As pressões foram terríveis e de toda ordem. Em Israel, como em qualquer país do mundo, há carências. As demandas legítimas superam sempre os recursos disponíveis. Na tentativa de equilibrar o orçamento, foi feito um esforço de racionalização dos gastos, mas não houve como escapar dos cortes proporcionais em todos os programas.
A inflação parecia controlada. O entusiasmo inicial começava a dar lugar a uma certa irritação com a forma implacável com que o governo controlava os gastos. A campanha contra a política do governo esquentava a cada dia. Em casa, depois de mais um dia de negativas para parlamentares e explicações para os meios de comunicação sobre as razões para manter as despesas dentro do limite do arrecadado, o nosso guardião do cofre de Israel assistia ao telejornal com a família.
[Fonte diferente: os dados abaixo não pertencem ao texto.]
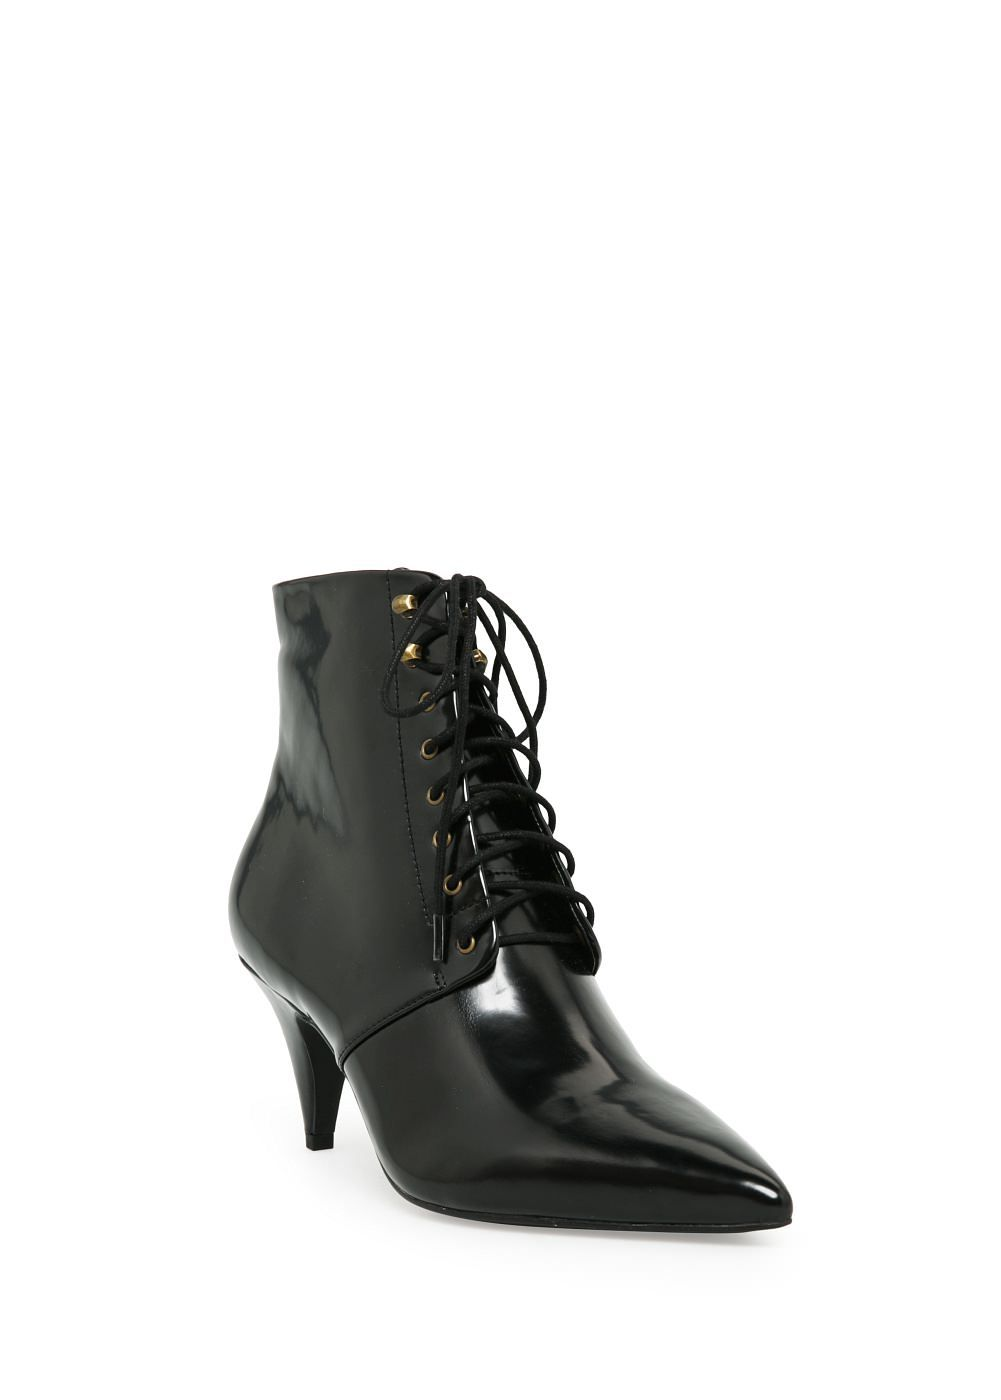 Heel Lace Up Ankle Boots Woman Mango Slovakia Womens Leather Ankle Boots Leather Boots Heels Boots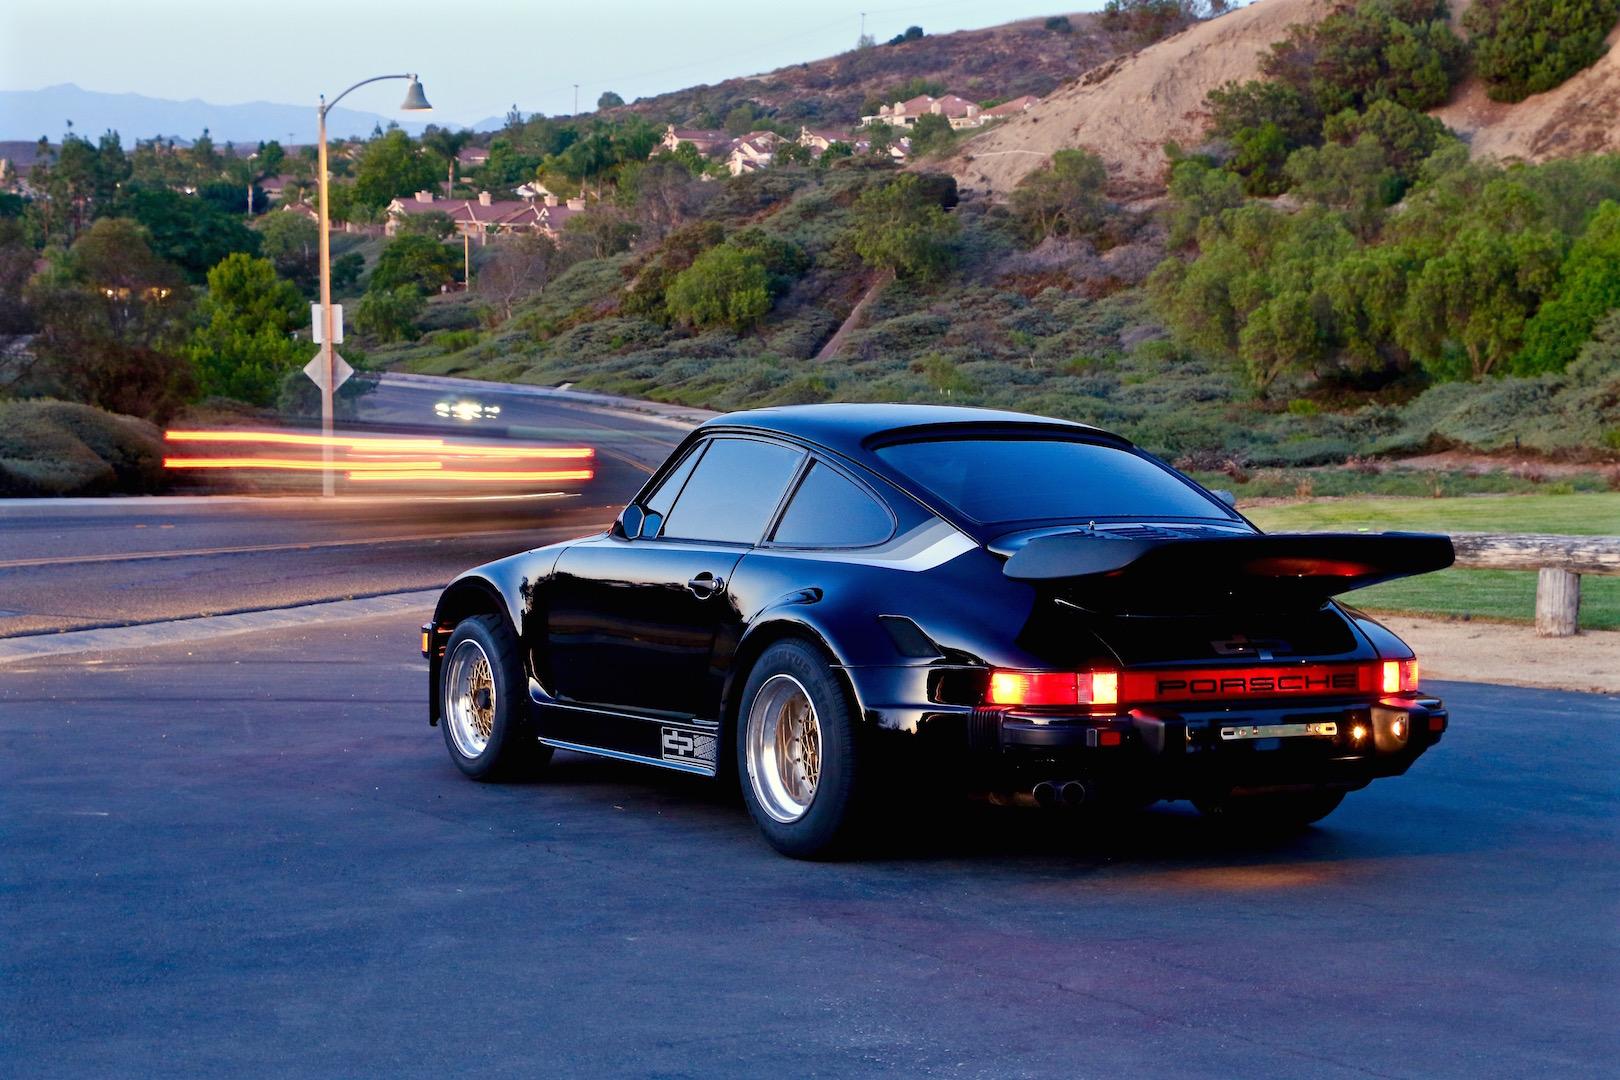 1980s Porsche Kremer in California.

O repórter visita um hospital: doentes por todos os lados, camas nos corredores, sofrimento e aflição em estado puro. Corta e a câmera focaliza o diretor do hospital, rosto compungido: não há dinheiro para comprar mercurocromo. Novo corte: o nosso guardião do cofre explicando em termos técnicos e abstratos que não poderia aprovar despesas para não aumentar o déficit fiscal. A expressão angustiada, as filhas o questionaram em silêncio.
A pressão demagógica é implacável. A saúde pública tinha total liberdade para a alocação das verbas, mas o primeiro a ser cortado foi o essencial. O supérfluo e o desperdício não; cortá-los dava trabalho e não dava ibope. Só quando se percebeu que as restrições orçamentárias eram para valer é que a racionalidade no uso de verbas escassas reapareceu. Foi o que nos contou o visitante. Pena que o dr. Jatene não tenha ouvido.